Arleta nie słyszała swojego wrzasku, słabego niczym bezgłośny szept w porównaniu z tym, co słyszała w głowie. A potem jej jaźń schroniła się w nieświadomości, zanim umysł rozsypałby się niczym karciana wieża. Wizja zniknęła. Dziewczyna leżała w ciemności, skulona w pogniecionej i przepoconej pościeli swojego łóżka, otulona kokonem ciszy. Ale to była zwykła cisza, przerywana od czasu do czasu odgłosem jadącego gdzieś obok bloków mieszkalnych samochodu.
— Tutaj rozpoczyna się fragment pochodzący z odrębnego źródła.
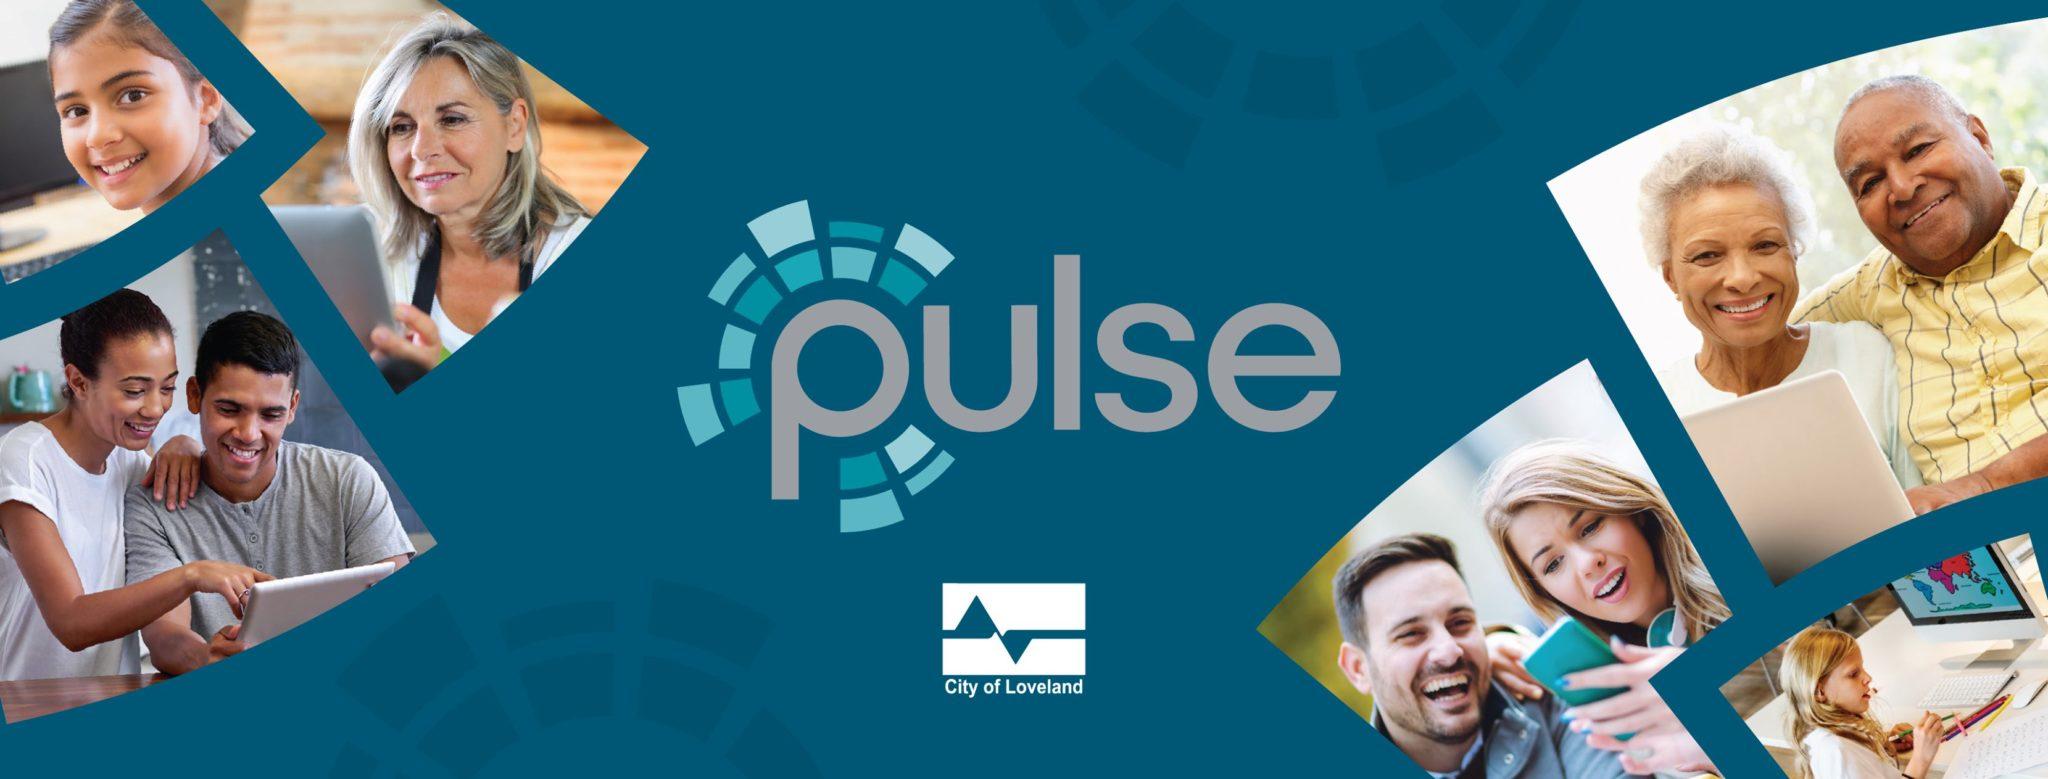 Loveland Pulse: Local Fiber-Optic Network
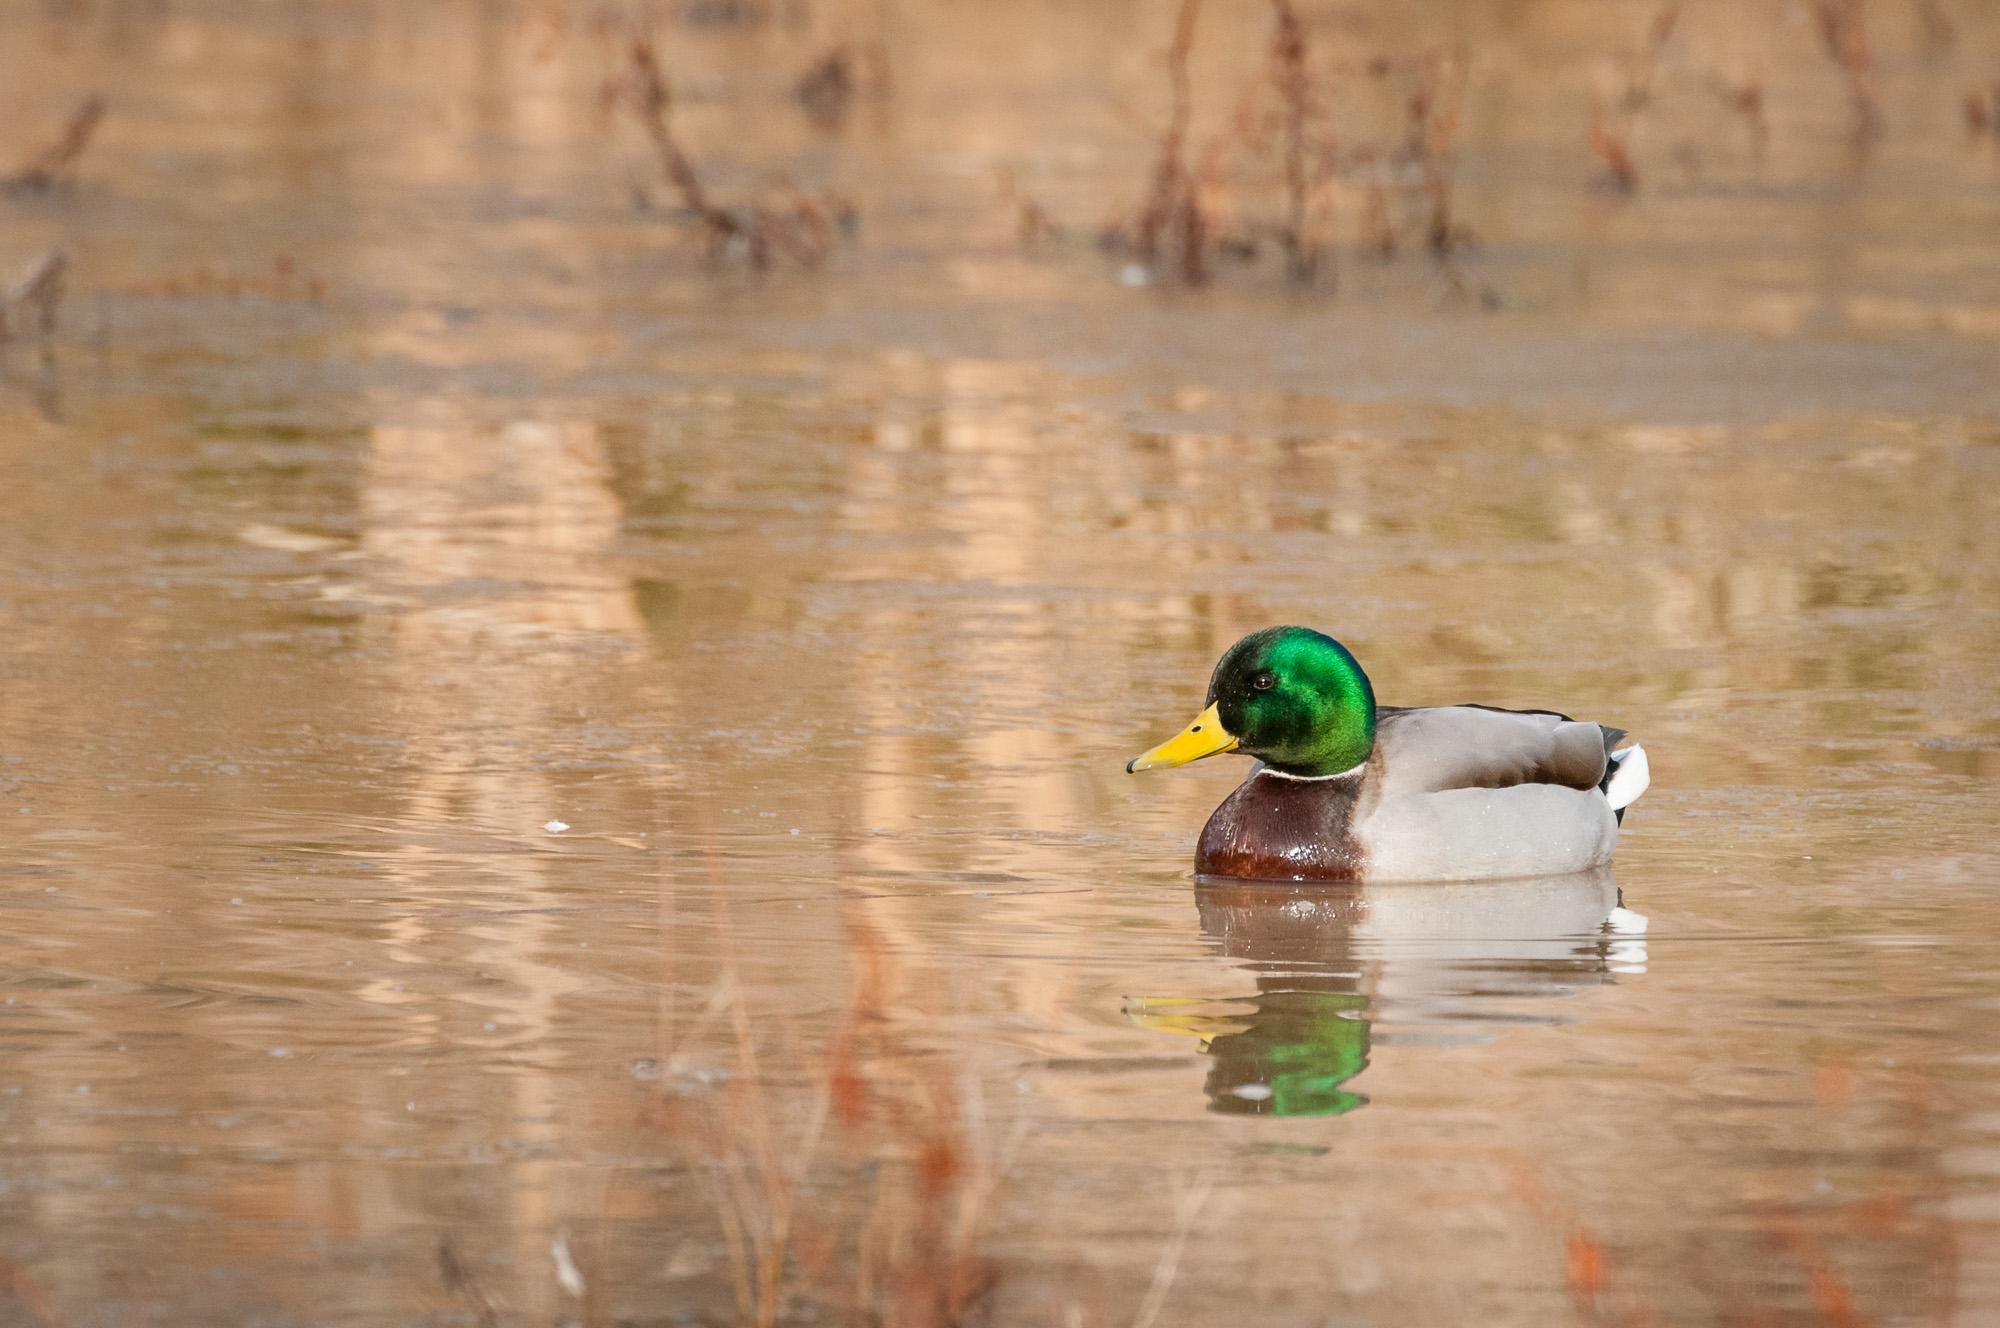 A lone mallard swimming in the wetlands.

Tylko cisza, która nie jest nawet ciszą, lecz jedynie cichym, nocnym szumem drzemiącej metropolii, niezauważanym przez przyzwyczajonych do niego mieszkańców; obojętnym jak wzruszenie ramion szumem ludzkich siedlisk. Szumem życia zbyt zajętego sobą, żeby dostrzec czyjąś samotną grozę.

Tymczasem w innym miejscu, choć w tej samej ciemności, pająk tkał swoją sieć. Sieć z milczenia i ze słów, jednak milczenia było więcej, bo milczenia jest zawsze więcej niż słów. Sieć z najciemniejszych ludzkich pragnień. Ślepych, ale tym bardziej niecierpliwych. Żywych i nieumarłych żądz i urojeń.

– Wracaj tam – tkał cichy, cierpliwy pająk milczące słowa swojej pieśni-sieci. – Wracaj i zrób, co musisz. Wtedy się spełnią.

To mi się śni, pomyślała dziewczyna we śnie.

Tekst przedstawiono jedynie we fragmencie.